More specifically, whole-genome sequences for strains sampled from trees were compiled from publicly available data (N = 295; Table S1) (Almeida et al. 2015; Barbosa et al. 2016; Bergström et al. 2014; Duan et al. 2018; Fay et al. 2019; Gayevskiy et al. 2016; Han et al. 2021; Pontes et al. 2020; Skelly et al. 2013; Song et al. 2015; Strope et al. 2015; Yue et al. 2017). We defined S. cerevisiae tree-sampled strains as those isolated from tree bark, exudate and leaves from trees or litter, and we also included strains from any soil. New whole-genome sequence data was generated for strains from trees in Indiana and Kentucky (N = 7; Osburn et al. 2018), North Carolina (N = 9; Diezmann & Dietrich 2009), Europe (N = 3; Robinson et al. 2016) and for new S. cerevisiae strains from the bark of white oak (Quercus alba) and live oak (Q. virginiana) from Georgia, Florida, Pennsylvania, and North Carolina (N = 15; Bensasson lab).
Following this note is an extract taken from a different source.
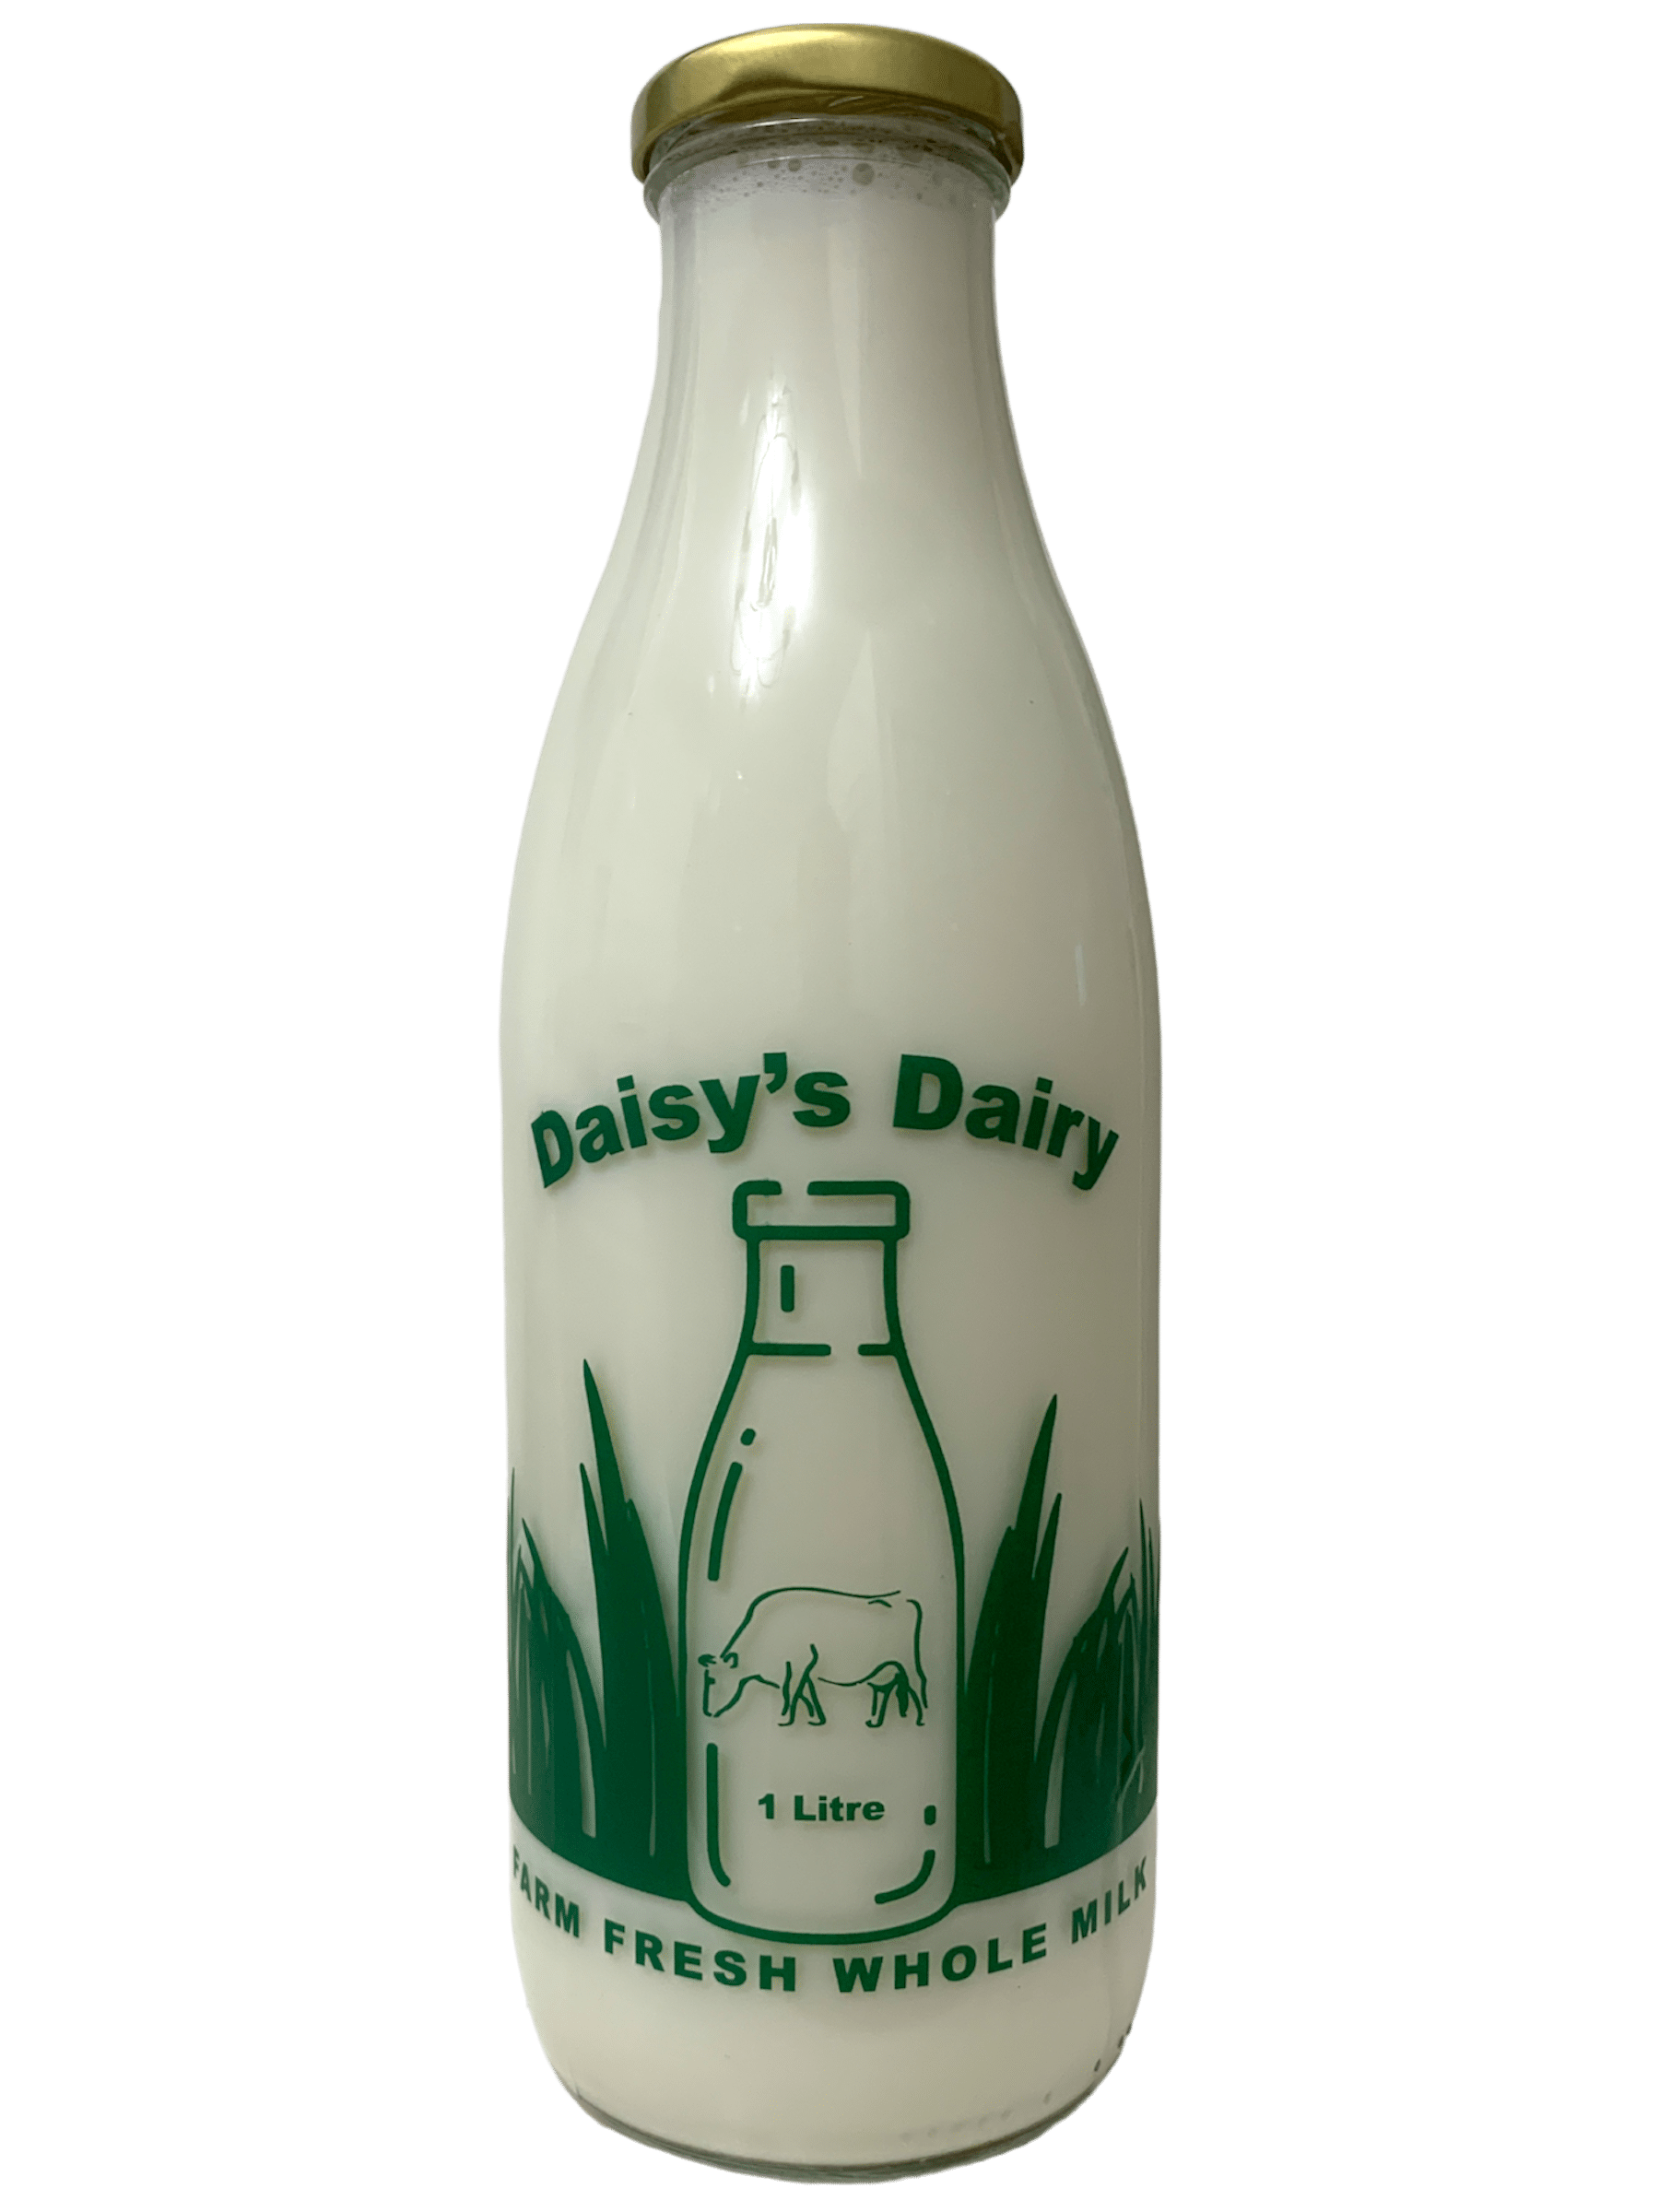 Daisy's Dairy (New22) - www.Kelis.info #KelisTheBottleBank

Reads were mapped to the S. cerevisiae reference genome, S288c (SacCer_Apr2011/sacCer3 from UCSC), using Burrows-Wheeler Aligner (bwa-mem, version 0.7.17; Li & Durbin, 2009). We used SAMtools to sort, index, and compress bam files and generated a consensus sequence using the mpileup function with the -I option to exclude indels (version 1.6; Li et al. 2009). Next, we used the BCFtools call function with the -c option to generate a consensus sequence (version 1.9) (Li et al. 2009) and converted from vcf format to fastq format in SAMtools using the vcfutils.pl vcf2fq command. Lastly, base calls with a phred-scaled quality score of less than 40 were treated as missing data (calls were converted to “N”) using seqtk seq -q 40 in SAMtools.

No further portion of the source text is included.